Grafana is an open-source data visualization and monitoring tool, which has support for many different databases, including Elasticsearch, Graphite, InfluxDB, Logz.io and Prometheus. Grafana can be used to visualize data and to track long-term patterns and trends. It can be accessed via a series of dynamic and reusable dashboards that you create, which can then be shared between business and technical teams.

As a visualization tool, Grafana has a wide range of different options from heatmaps to graphs to histograms. There is a range of different panel plugins available to offer a variety of ways to view metrics and logs. Different data sources can be mixed in the same graph. You have the option to specify a data source on a per-query basis, which works for standardized templates and custom dashboards.

There is no standard way of developing Grafana’s dashboards (or visualizations) as code. However, it does support various third party libraries. Examples for how to configure these in Grafana can be found here.

Alert rules can be visually defined for the most important metrics. Grafana continuously evaluates them and sends notifications as needed. These can be sent via email, Slack, PagerDuty, VictorOps, OpsGenie, or via webhook.

The Grafana back-end has various configurable options, which can be specified using a .ini configuration file or through the use of environment variables. This is known as the datasource, which is where Grafana pulls all its metrics from.

Combining Prometheus Monitoring with Grafana: the Visualization Layer

Combining Prometheus and Grafana together is becoming an increasingly popular choice of monitoring stack for DevOp teams needing to store and visualize time series data. In this combination, Prometheus performs the role of storage backend while Grafana acts as the interface for visualization and analysis.

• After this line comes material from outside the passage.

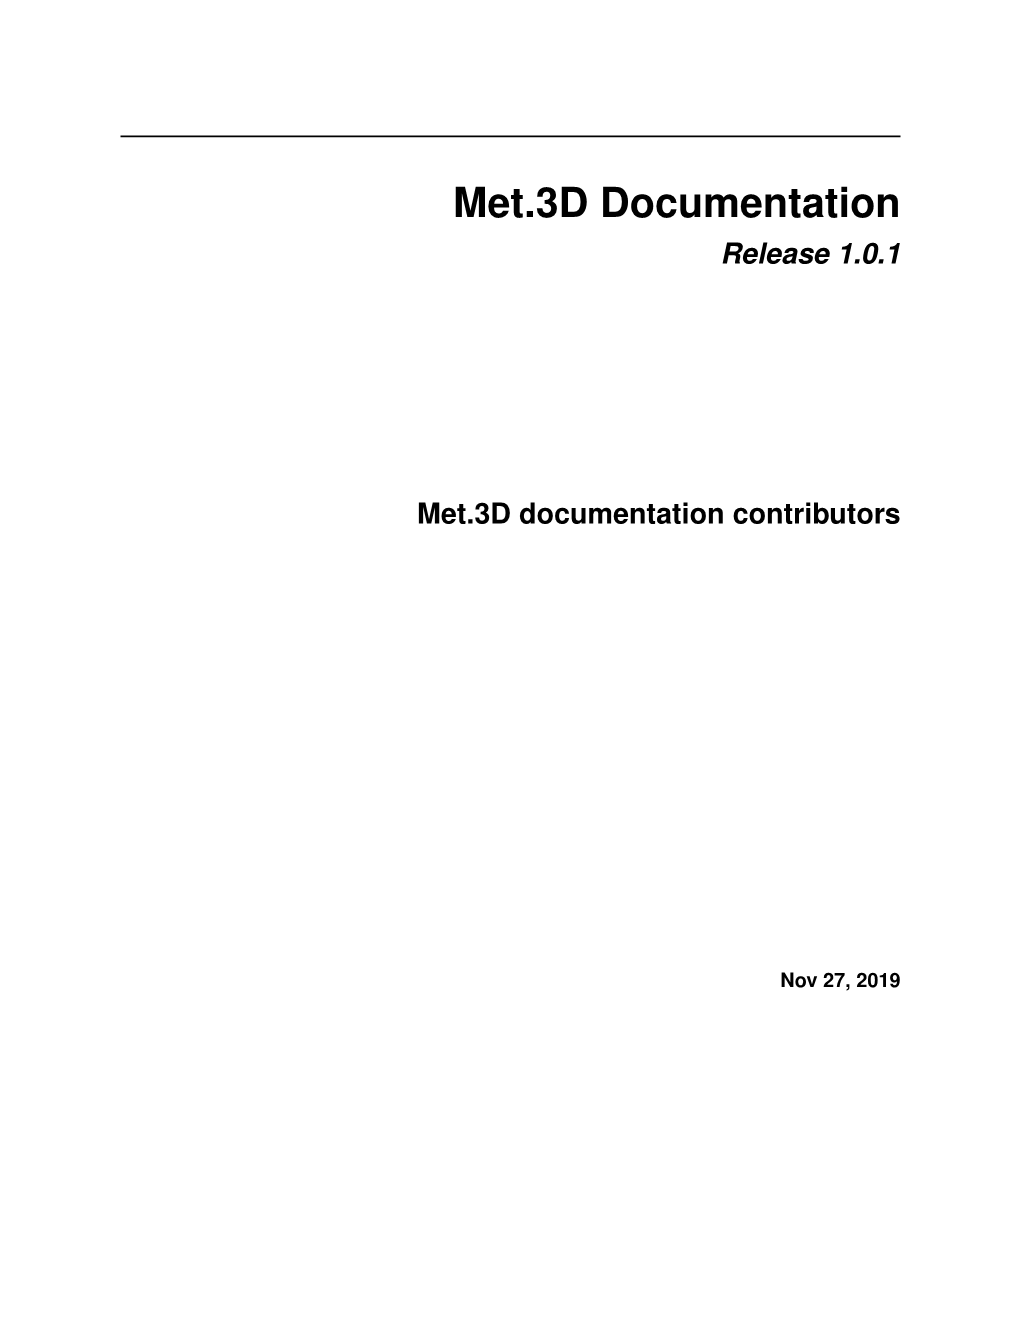 Release 1.0.1 Met.3D Documentation Contributors
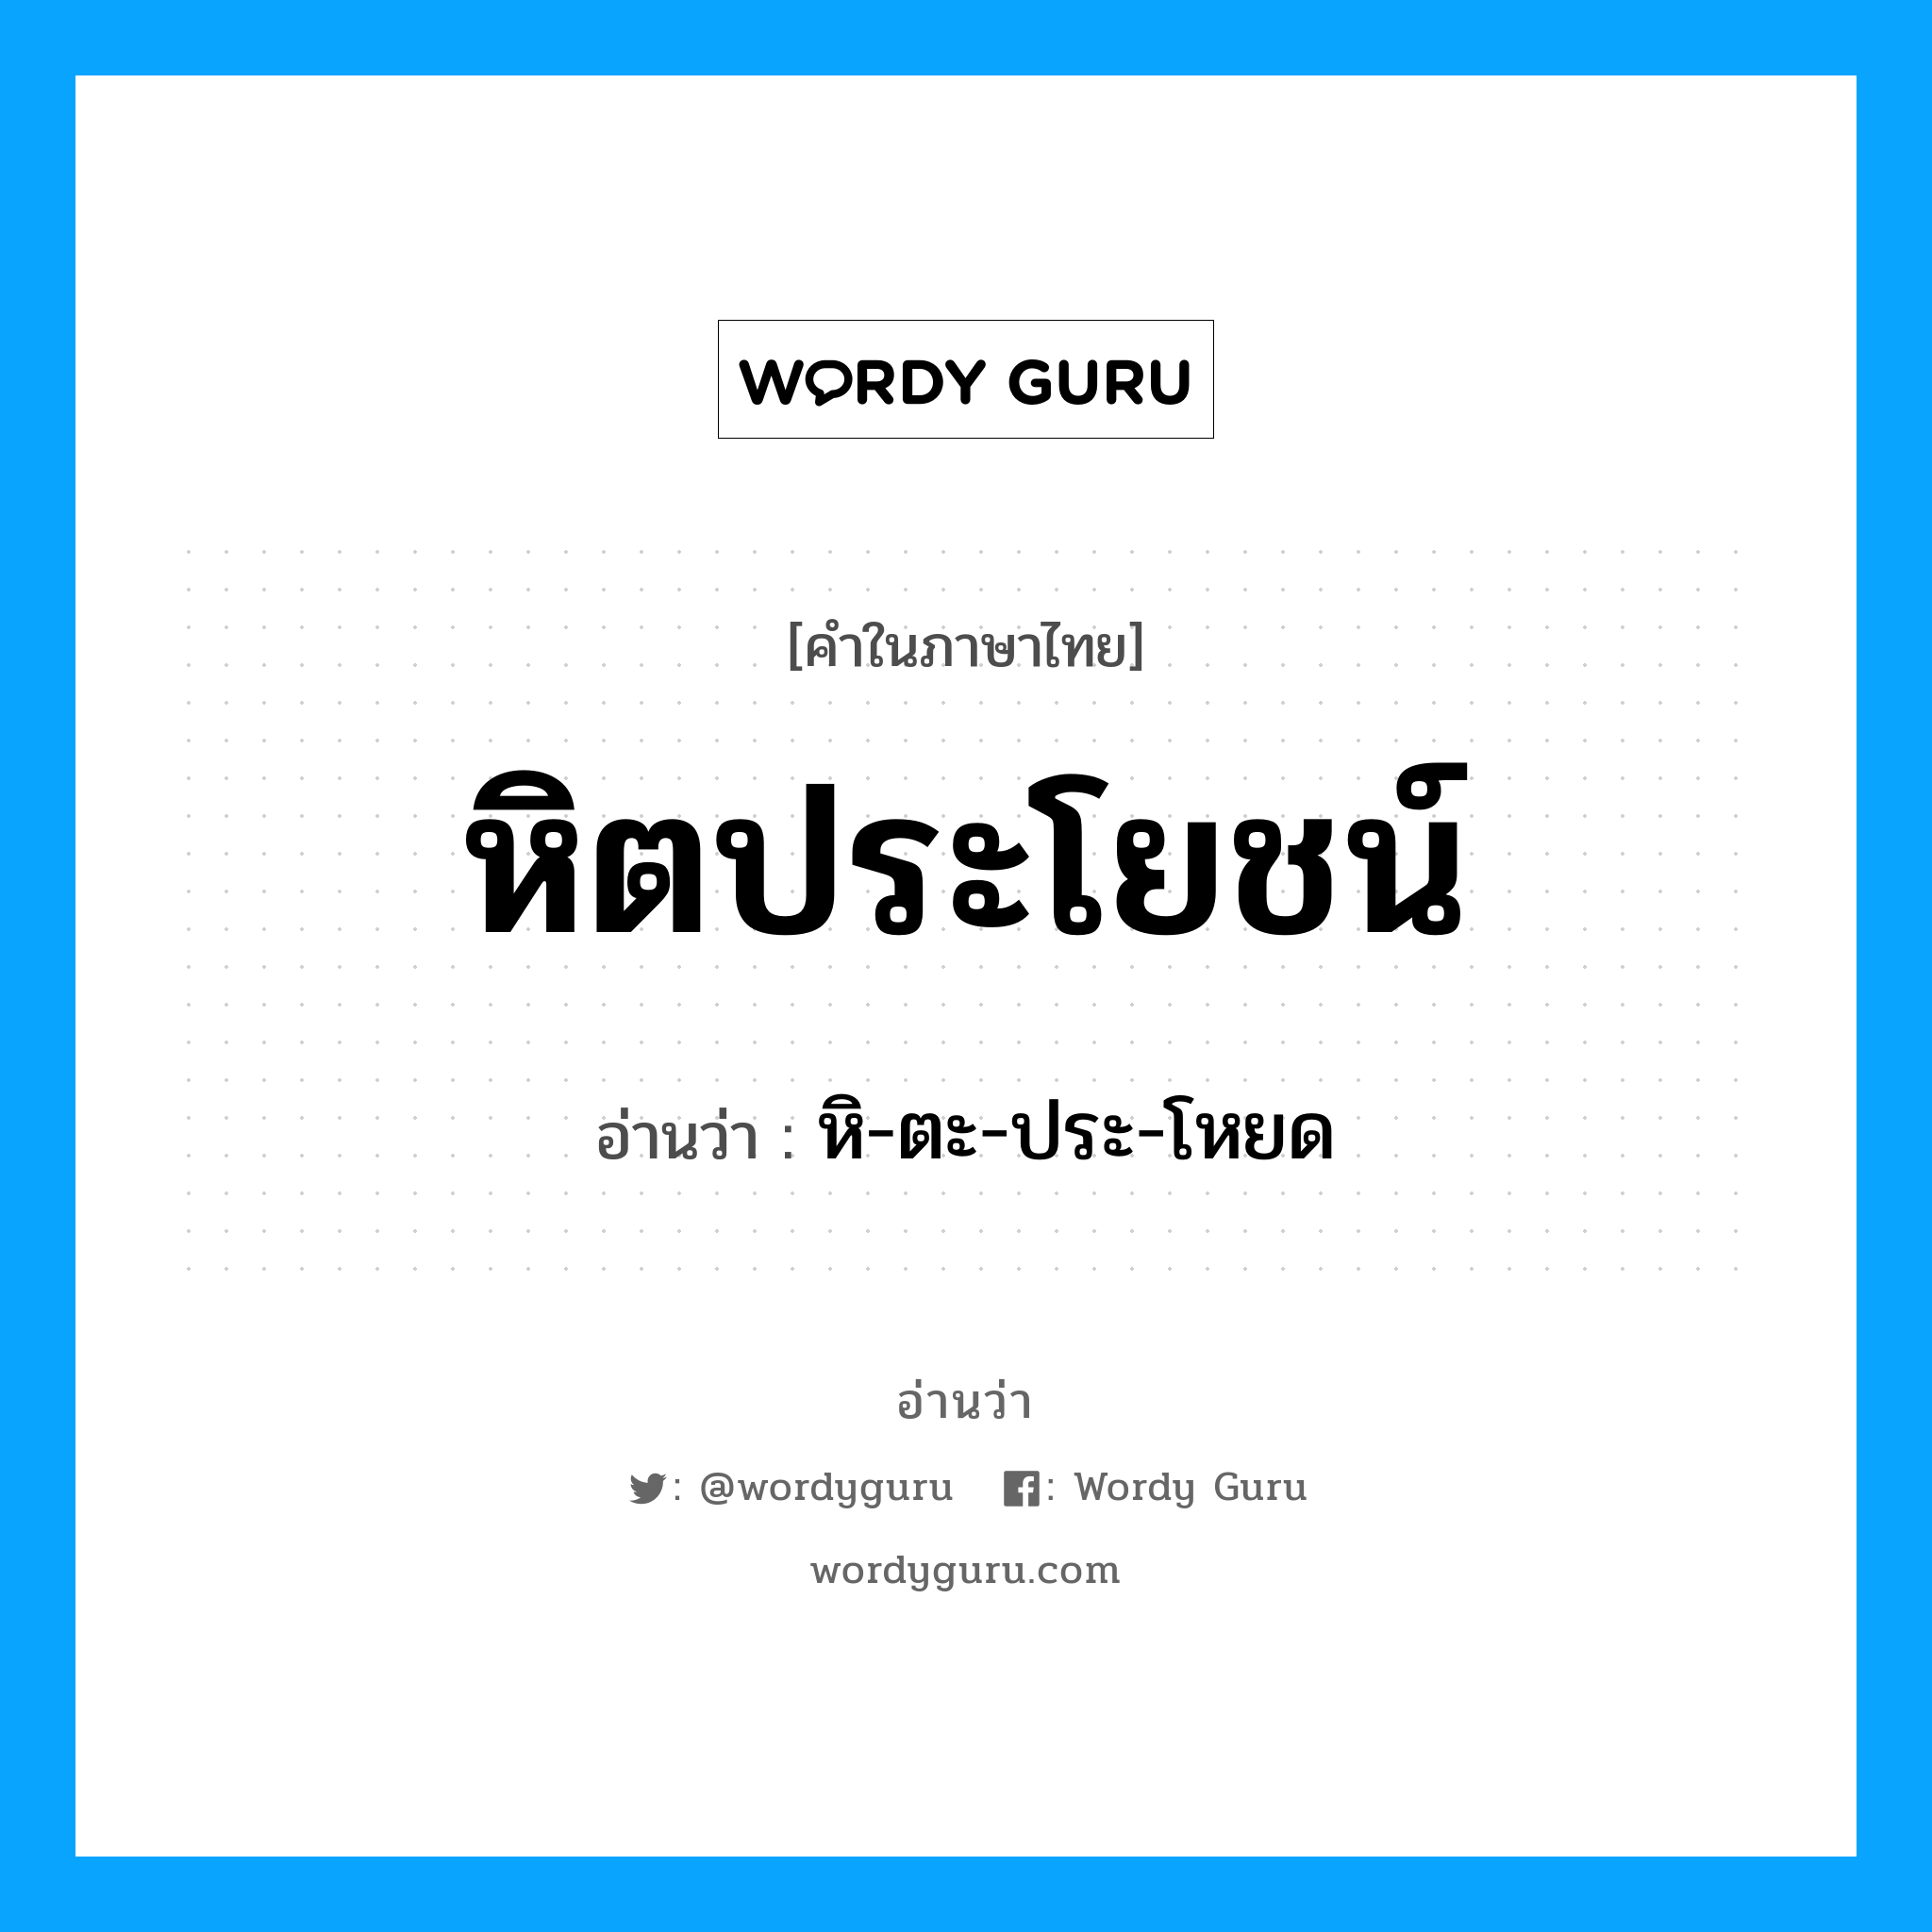 หิ-ตะ-ประ-โหยด เป็นคำอ่านของคำไหน?, คำในภาษาไทย หิ-ตะ-ประ-โหยด อ่านว่า หิตประโยชน์

Prometheus exposes a wide range of metrics that can be monitored easily, such as used memory and storage in addition to general ones, which report on the status of the service. Through the addition of Grafana as a visualization layer, a monitoring stack for the monitoring stack itself can easily be set up!

There are various ways to set up Prometheus and Grafana together, including via Dockerized deployments.

Some examples of metrics you can explore with Grafana visualizations include:

Uptime: The amount of time in total since your Prometheus server was started.
Local storage memory series: The current total number of series held in memory.
Internal storage queue length: This queue length should be “empty” (0) or at a low number.
Sample ingested: This displays the samples Prometheus has ingested.
Target scrapes: This displays the frequency that the target – Prometheus – is scraped.

The Prometheus Benchmark dashboard can provide examples of further metrics that should be monitored. How exactly you set it up can involve a good deal of experimentation, an exploration which Grafana makes easy.

Instead of writing PromQL queries directly into the Prometheus server, you deploy Grafana UI boards to query metrics from the Prometheus server, then visualize them in the Prometheus dashboard as a whole (examples of which can be found here).